TASK GOAL
Every line below from the one with "CAN’T HUG YOU Greeting Card" through the one with "How to Use Lemon Topaz for Healing" should be retyped exactly, both ends included; no other lines and no pictures.

(Beginning of RECORD SET)

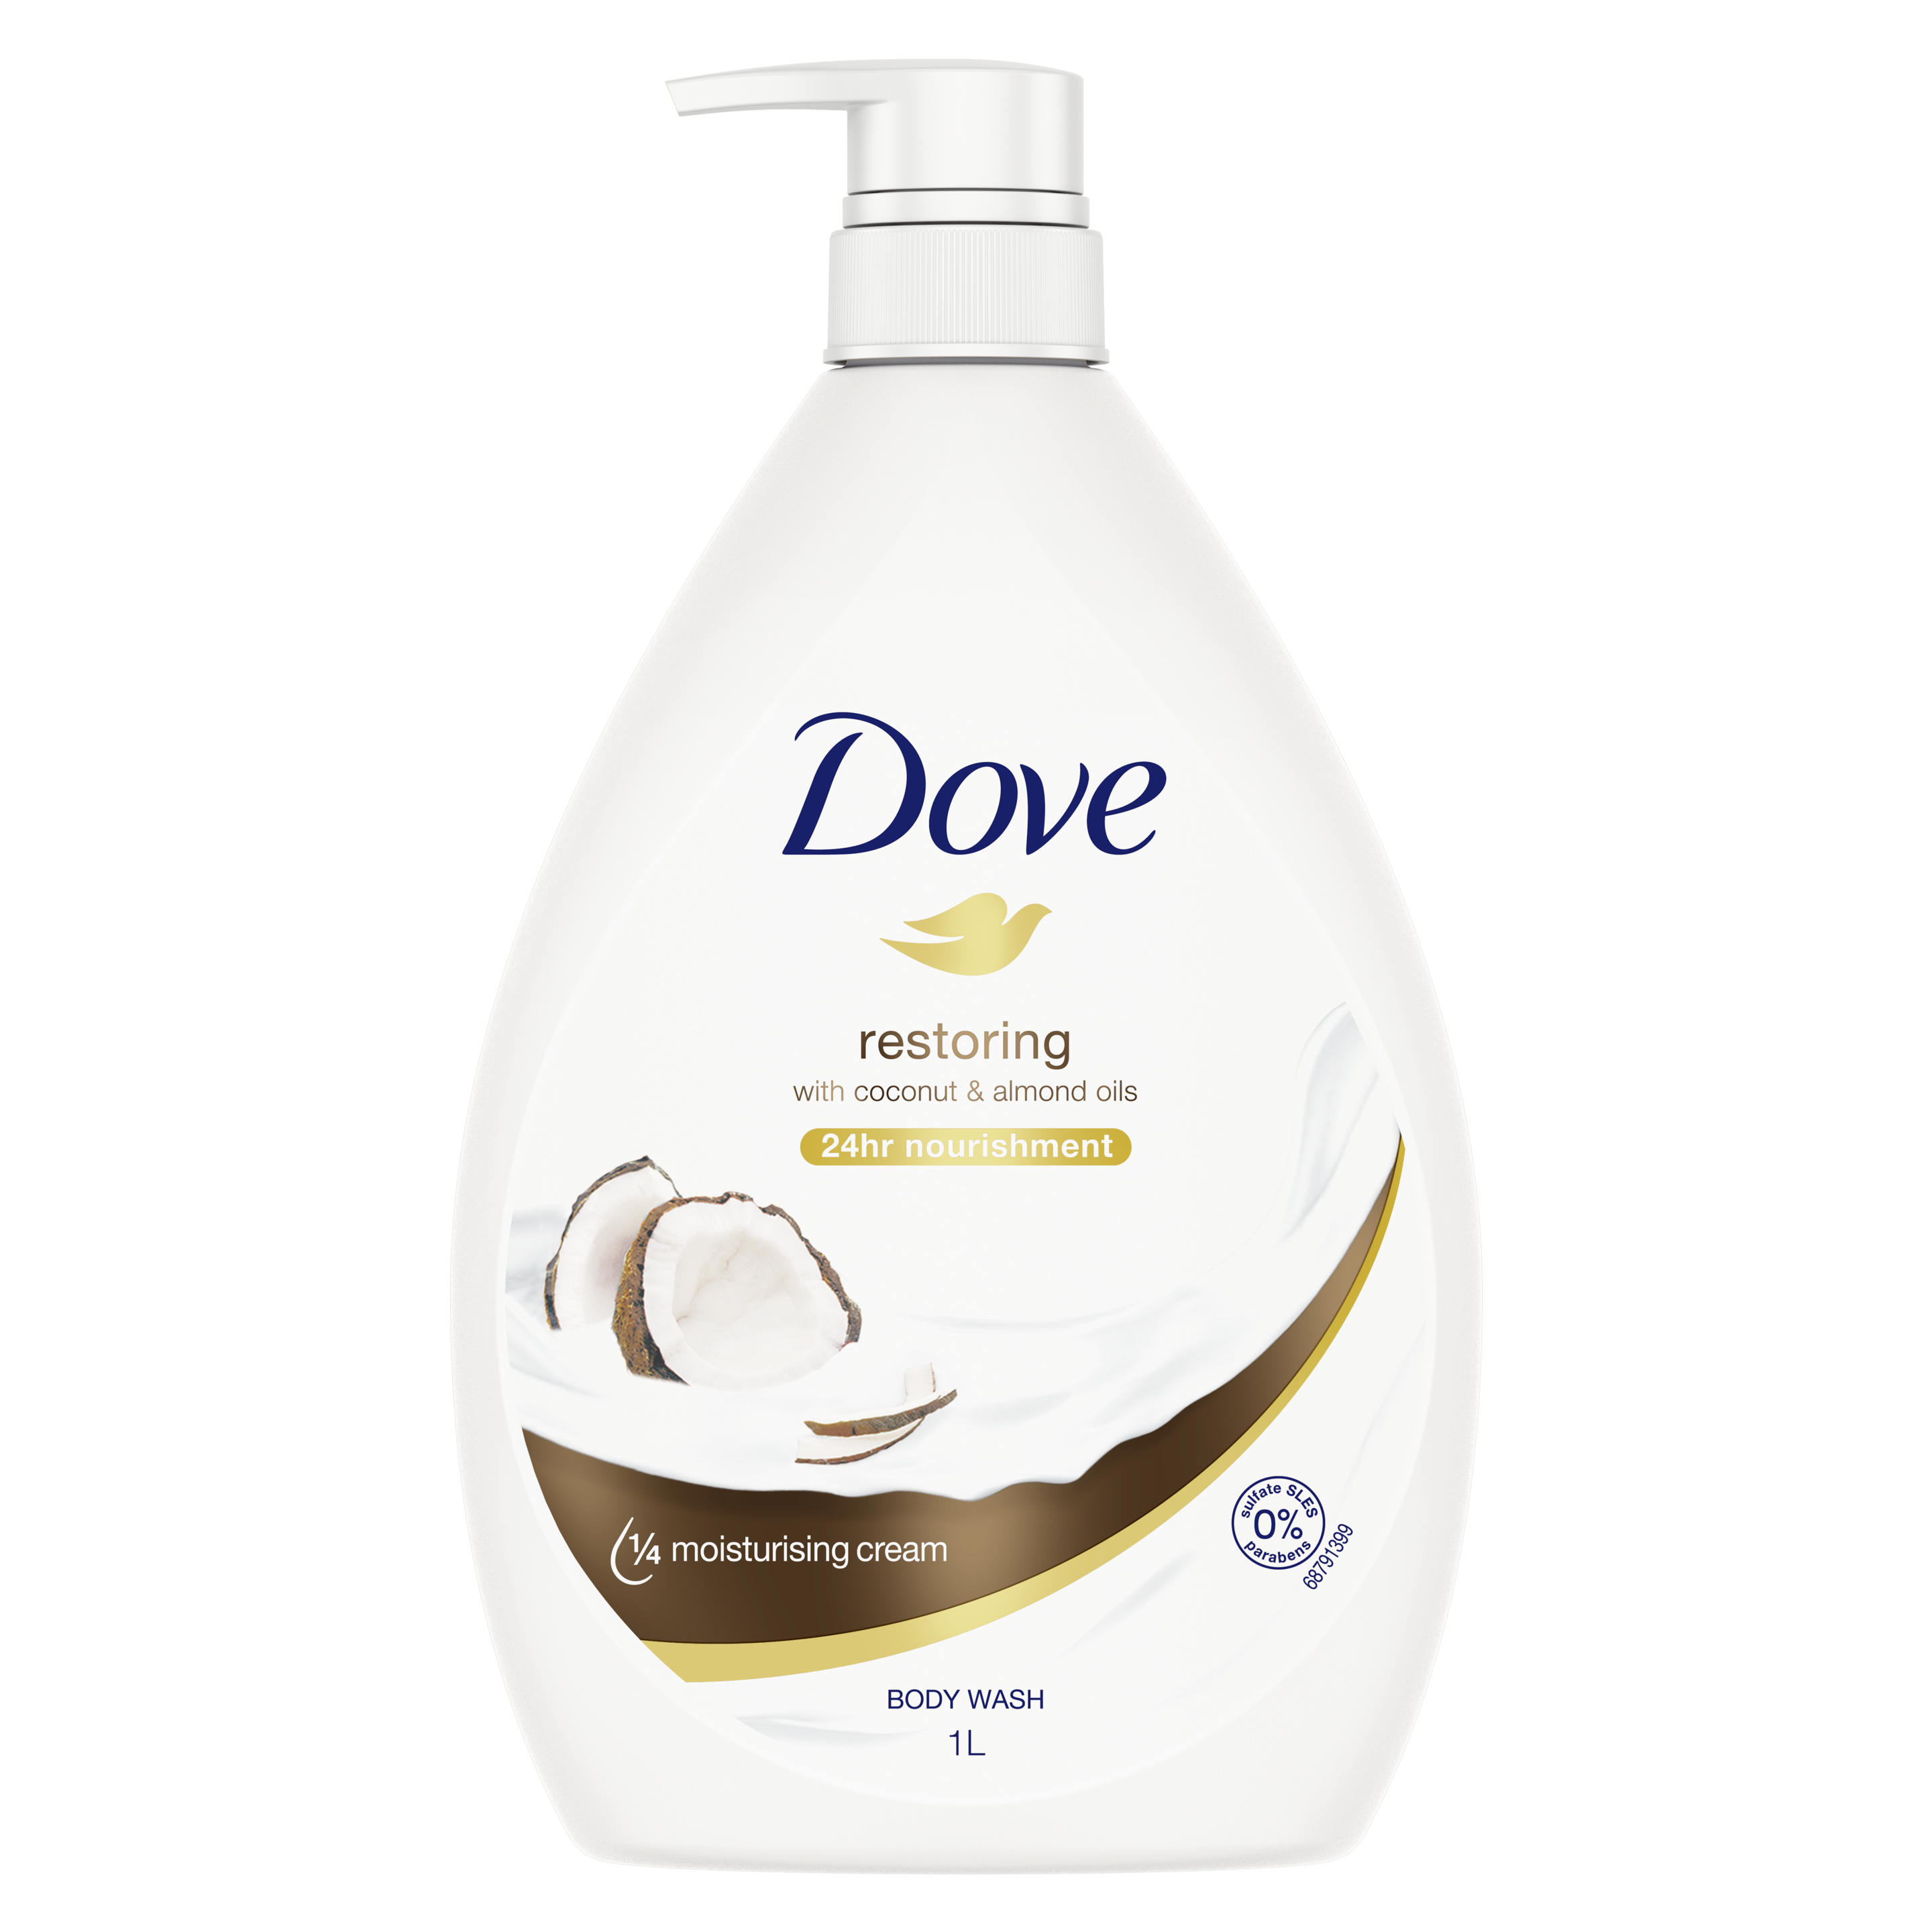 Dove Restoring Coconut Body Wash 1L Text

(End of RECORD SET)
(Beginning of RECORD SET)

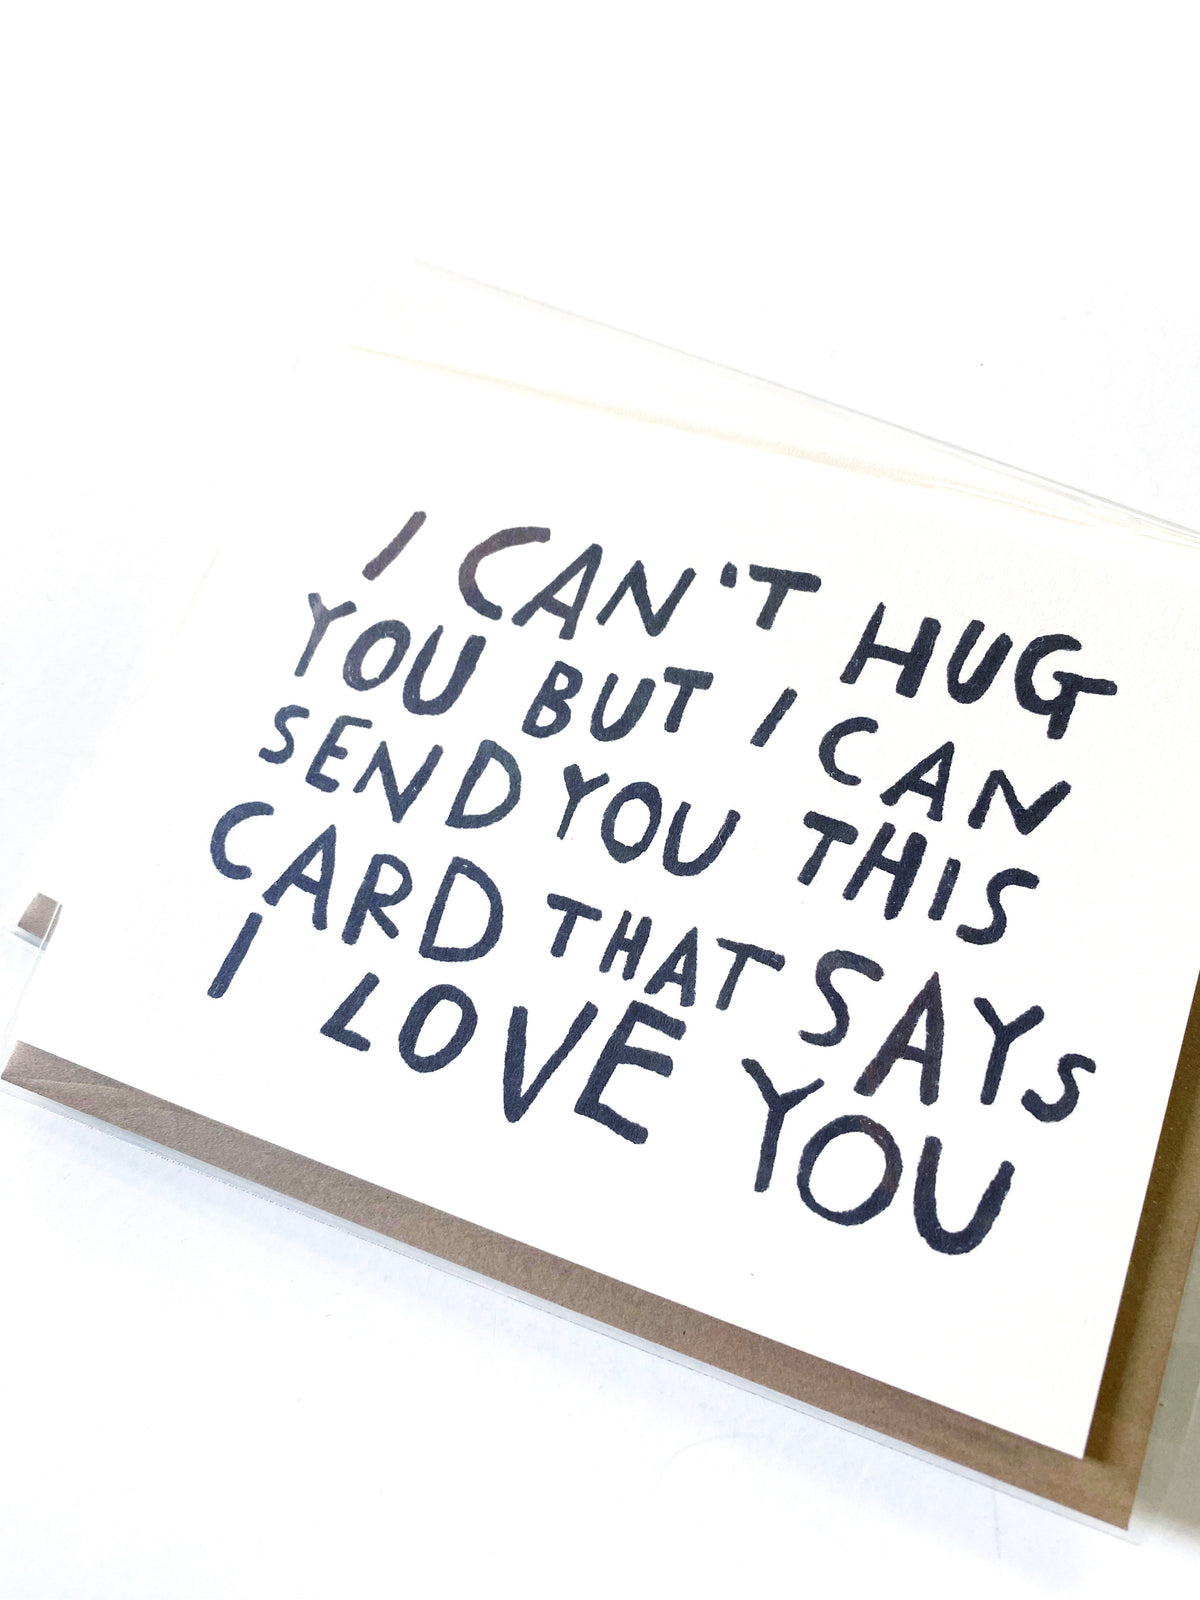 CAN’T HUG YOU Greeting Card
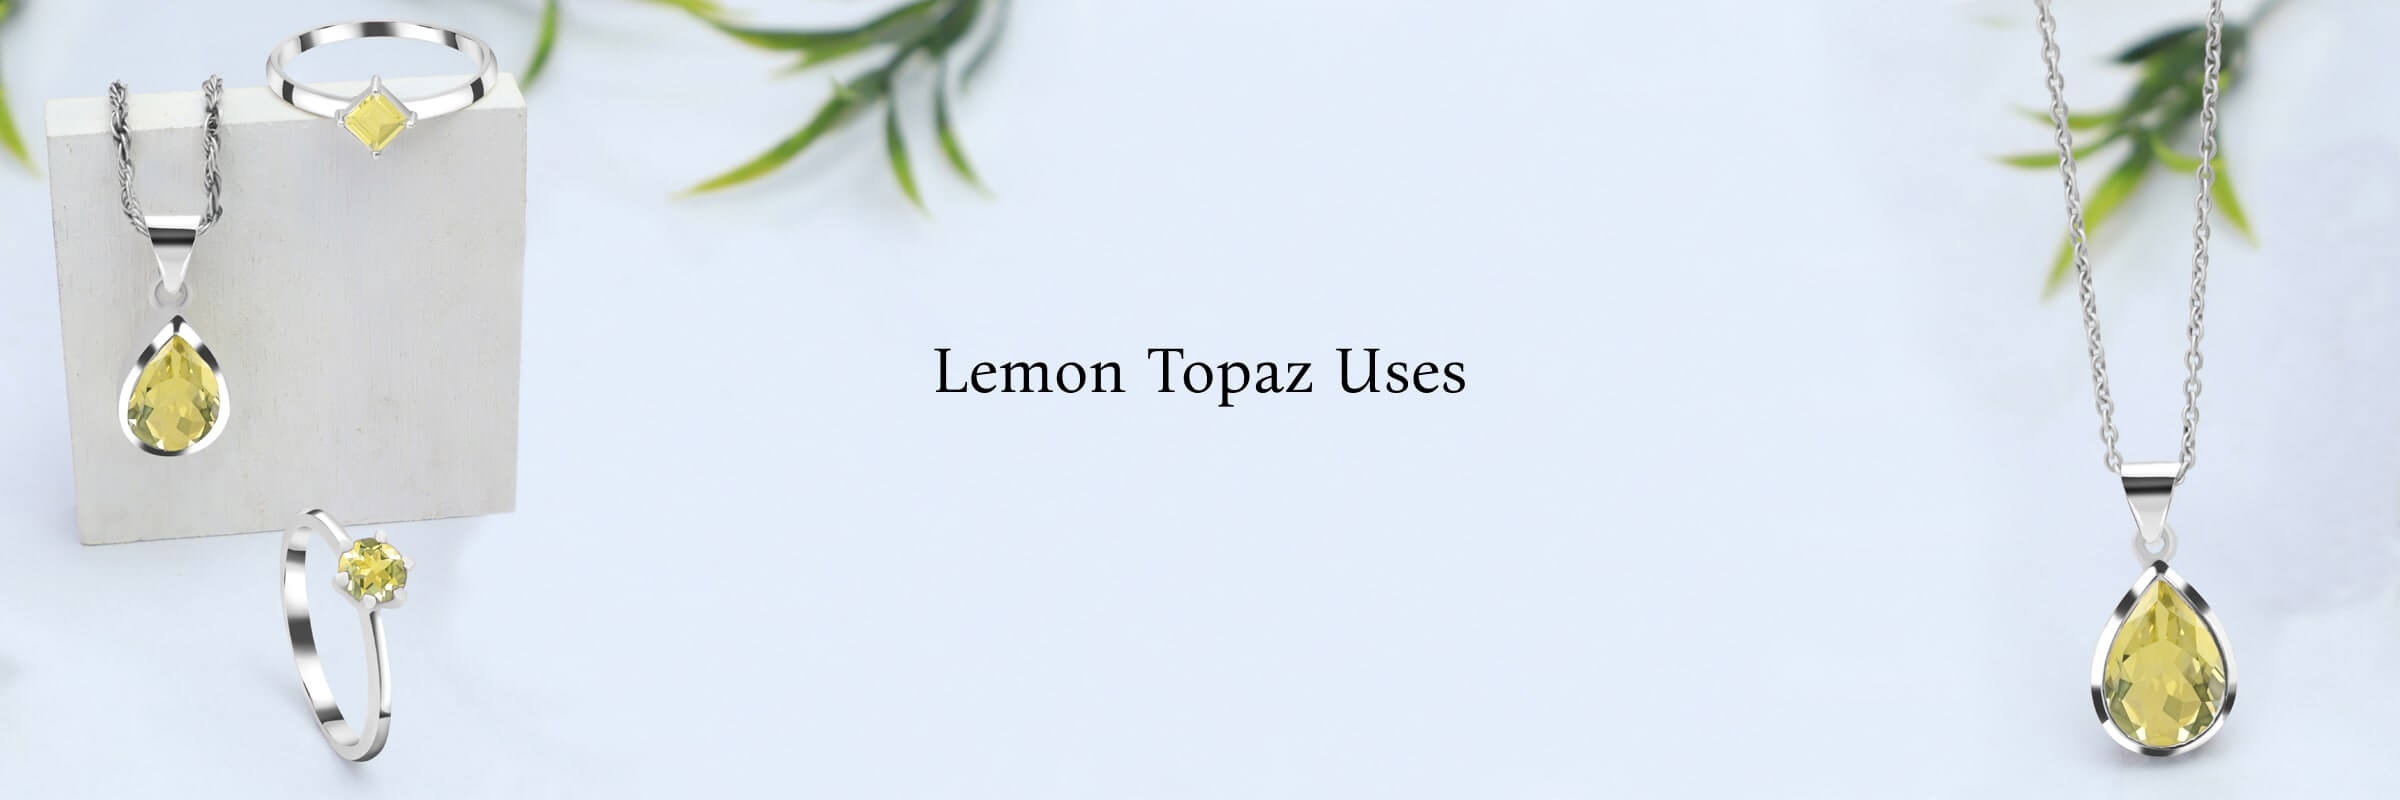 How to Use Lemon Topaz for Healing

(End of RECORD SET)

YOUR SOLUTION
 CAN’T HUG YOU Greeting Card
 How to Use Lemon Topaz for Healing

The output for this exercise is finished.